Unfortunately the sea gates at the harbour entry is probably more feasible.
I forgot the news article that was intended to go along with my post.
How to keep New York afloat
With sea levels rising, once-a-century floods may become once-in-20-years events. One solution: huge storm-surge barriers.
http://www.csmonitor.com/2006/1109/p13s02-sten.html
dammit! and I also forgot to include this wiki link about seattle.
I was thinking of writing an entry about Seattle. Quite interesting as it’s landscape is entirely man-made. Entire hillsides removed for ease of construction. Lakes linked, downtown areas raised. They moved a lot of soil in the late 19th century/early 20th.
http://en.wikipedia.org/wiki/Seattle_Underground
Less of the little, buddy.
Sea rise can be fought by a seawall around the harbour – out by the motorway it needn’t be anything flasher than an earth embankment with some hardfacing.
Petone Beach and Oriental Parade already have some sort of seawalls and as for pipe outflows, they can be gradually raised over time and/or fitted with return valves.
Hinge a flap over the outlet and hydrostatic pressure stops backwash but feck I’m only an engineer.
The road to Eastbourne will get a bit dicey though.
Vaulted streets would be great – all those service vehicles banished underground.The only problem I can see with that plan is the cost.
How about a compromise? A cheap-ish seawall around the whole harbour with a raised area starting at the Railway Station crescenting around to Oriental with it’s fattest portion towards courtenay Place.
No Nike swoosh jokes please but it would suit to stuff all those bottlenecked bus and car lanes underneath whilst preserving a world-class promenade for fine fish to fin about on top of which is, after all, where fish belong.
>Here’s the Aorere valley near Nelson – it may have escaped your notice, as no one was staying indoors to watch TV – let’s face it, you were probably at the beach.

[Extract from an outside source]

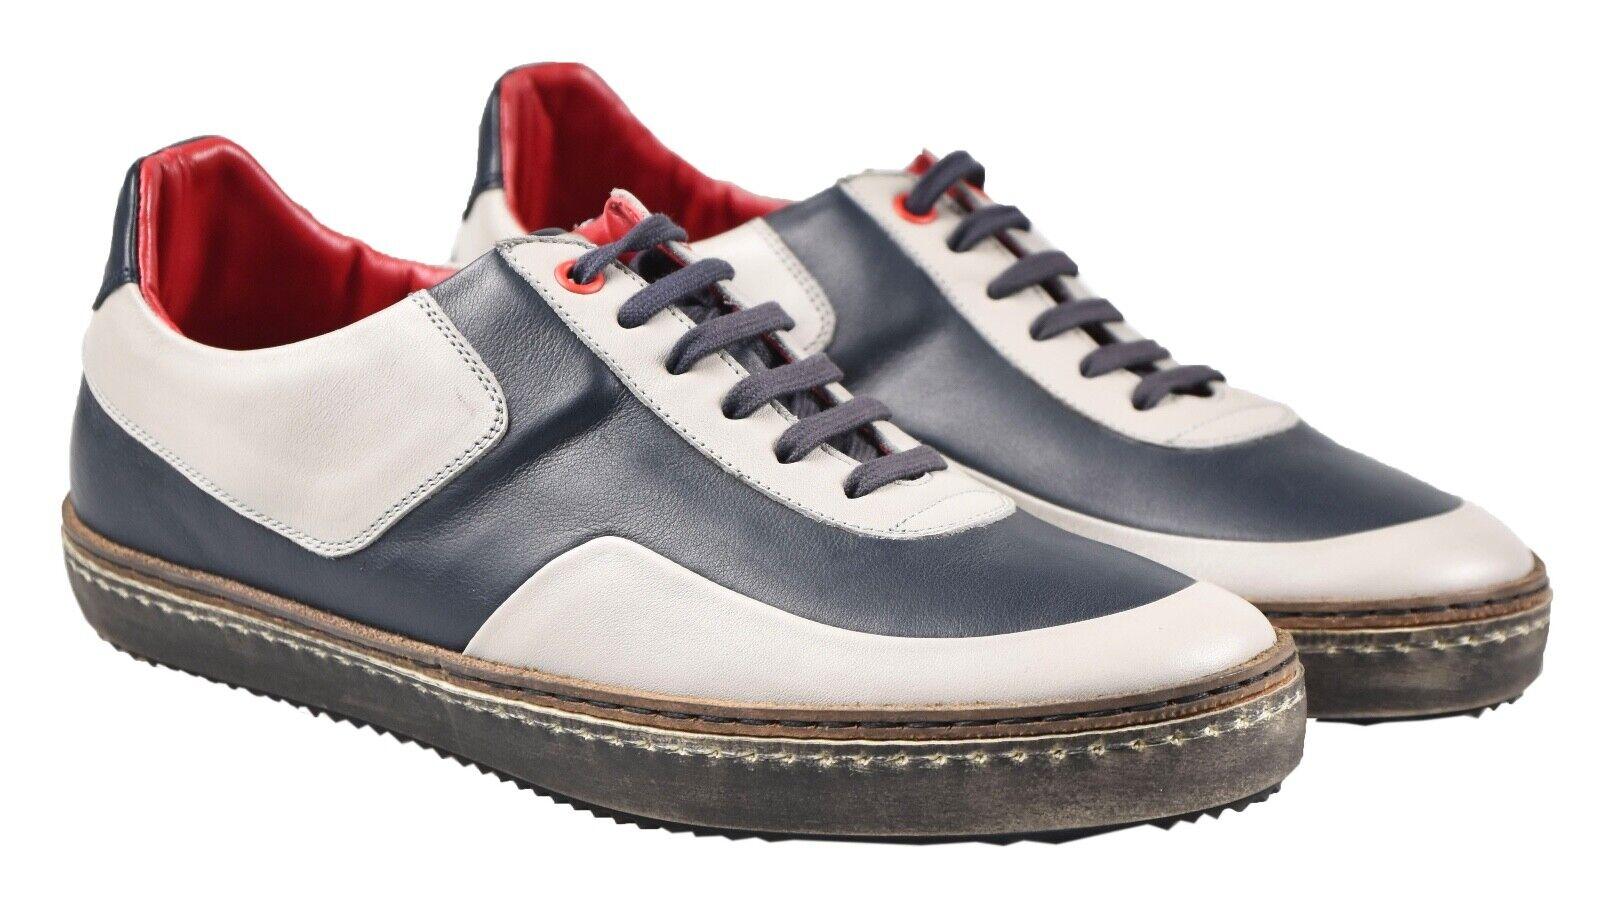 NEW KITON scarpe da ginnastica scarpe 100% LEATHER SZ 8 US 41 EU 19O140

I was at the beach. Unfortunately the beach I was at was about 500m to the right of the near shore in your aerial photograph. I was camping with some friends in Collingwood. It was a fairly rough night in a tent with 100+km/hr winds and rain, then waking up to find that the estuary was within about 20cm of overflowing its banks and running through the campsite. Oh, and it had taken most of the nearby jetty with it, was a scary brown colour, and the water was moving real fast.
Still, a day spent driving around axle deep flood waters photographing the water overflowing the roads was more fun than another day in the sun.